Desire, I Want to Turn Into You is the fourth studio album by American singer-songwriter and producer Caroline Polachek, and second under her given name. It was released on February 14, 2023 by Sony Music, The Orchard, and Polachek's imprint Perpetual Novice.

It was supported by the singles "Bunny Is a Rider", "Billions", "Sunset", "Welcome to My Island", and "Blood and Butter". The cover art was shot by Aidan Zamiri.

Background
After releasing Pang in late 2019, Polachek was set to tour the record, but was cut short by the COVID-19 pandemic in March 2020. Polachek stayed in London and began work on Desire, I Want to Turn Into You with close collaborator Danny L Harle. She considers the album to be a major partnership with Harle, as the record has "few other collaborators in the mix." She continued work on the album in London until mid-2021, where she briefly relocated to Barcelona alongside Harle and new collaborator Sega Bodega.
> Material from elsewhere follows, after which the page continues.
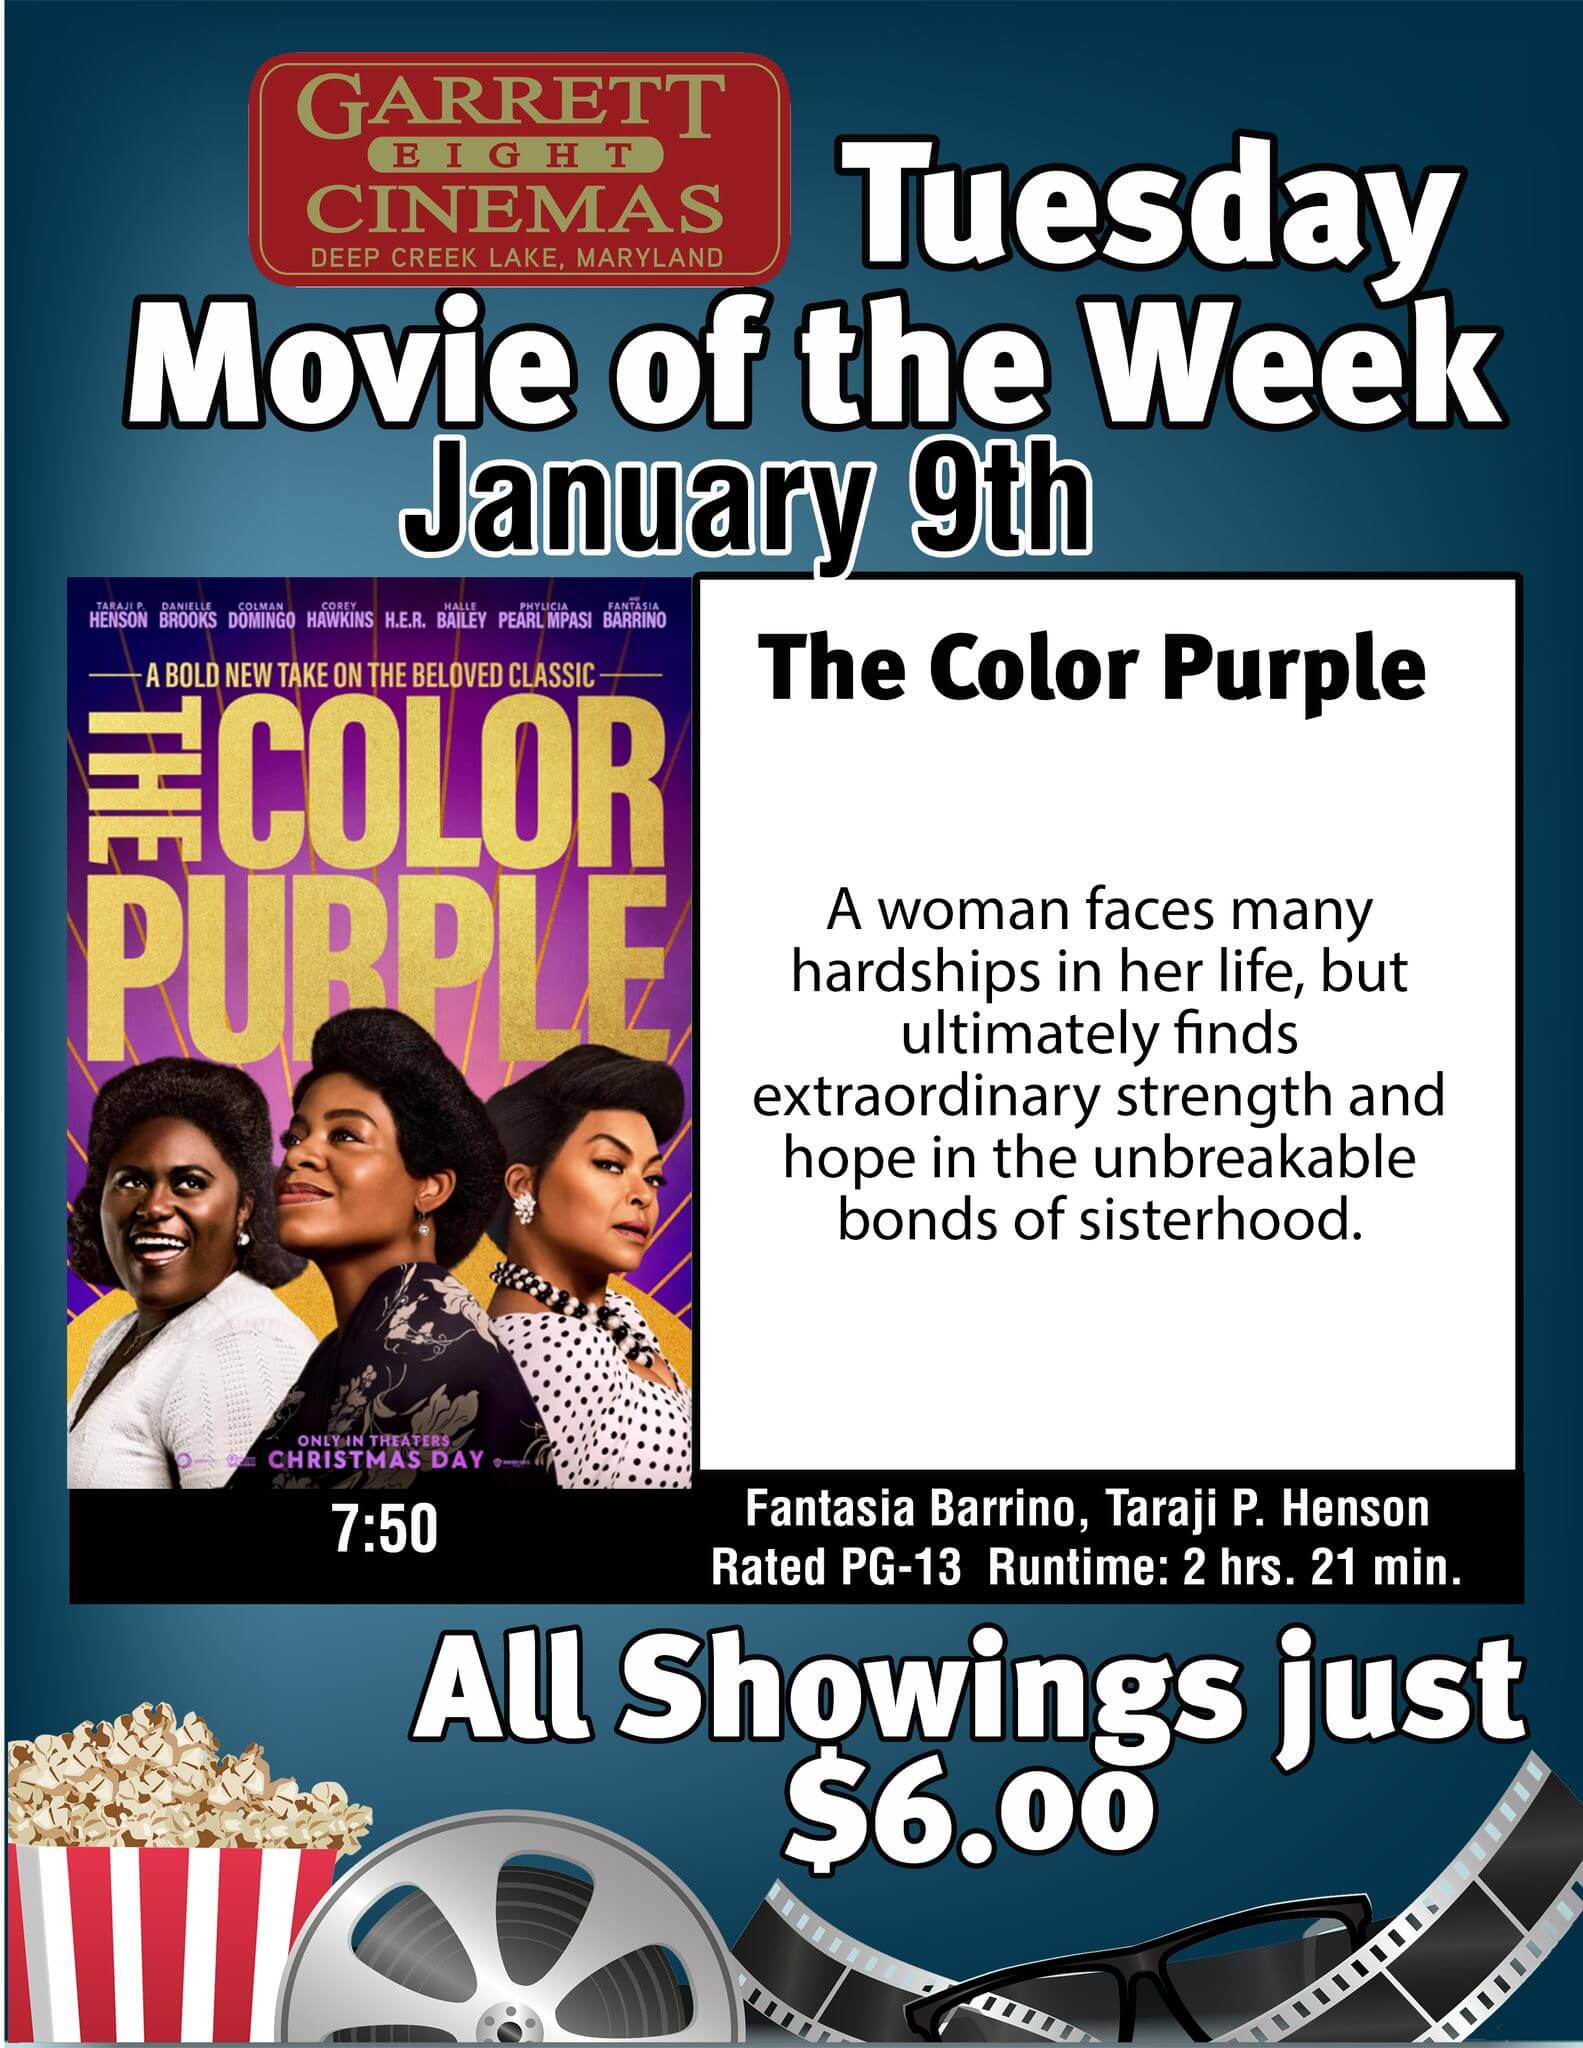 Garrett 8 Cinemas: Tuesday Movie of the Week (The Color Purple) at Deep Creek Lake, MD

In November 2021, Polachek was featured on Charli XCX's "New Shapes" alongside Christine and the Queens. She then embarked on a North American tour with French musician Oklou for the remainder of 2021.

Dua Lipa announced Polachek as a supporting act on the North American and Canadian legs of the Future Nostalgia Tour from February to July 2022, performing at many festivals as well. Polachek was featured on Flume's "Sirens" in March, and wrote and produced the track "Afar" for PC Music artist Hyd in July. She rescheduled European tour dates to finish work on Desire, I Want to Turn Into You.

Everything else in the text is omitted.